United States District Court, S.D. Indiana, Terre Haute Division

July 3, 2019

JURIJUS KADAMOVAS, Plaintiff,
v.
KATHERINE SIEREVELD, Defendant.

          ORDER GRANTING DEFENDANT'S MOTION TO DISMISS

          JAMES R. SWEENEY II JUDGE

         Plaintiff Jurijus Kadamovas is incarcerated at the United States Penitentiary in Terre Haute, Indiana. His amended complaint alleges that defendant Katherine Siereveld opened and inspected Mr. Kadamovas's legal mail outside his presence. Dkt. 20 at 18-23. Ms. Siereveld has moved to dismiss the amended complaint, arguing that (1) Mr.
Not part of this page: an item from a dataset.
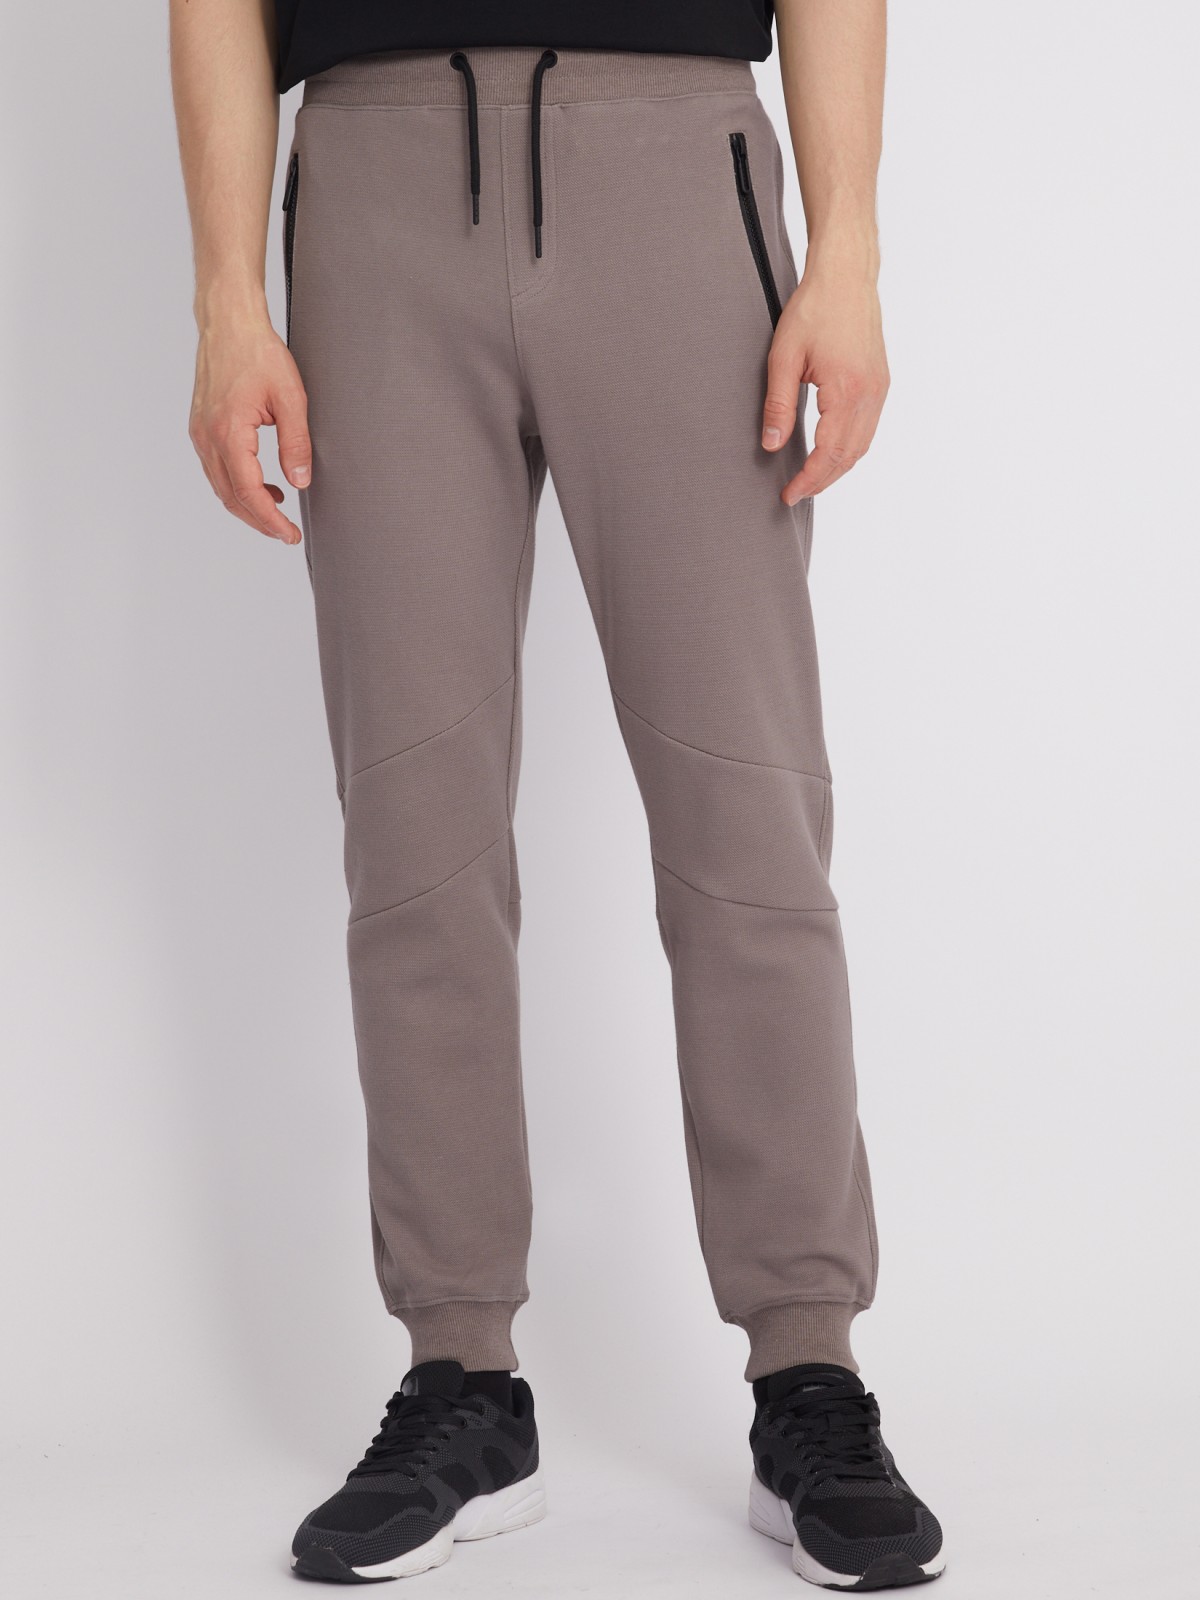 Трикотажные брюки-джоггеры в спортивном стиле zolla 213317679023, цвет коричневый, размер S - фото 2

Kadamovas has not alleged any constitutional violation; (2) Mr. Kadamovas has not alleged an Eighth Amendment violation; and (3) Mr. Kadamovas has no implied cause of action under Bivens v. Six Unknown Narcotics Agents, 403 U.S. 388 (1971). Dkts. 23, 24. Because Mr. Kadamovas has not alleged an Eighth Amendment violation and because any other alleged constitutional violation does not give rise to an implied cause of action under Bivens, Ms. Siereveld's motion to dismiss is granted.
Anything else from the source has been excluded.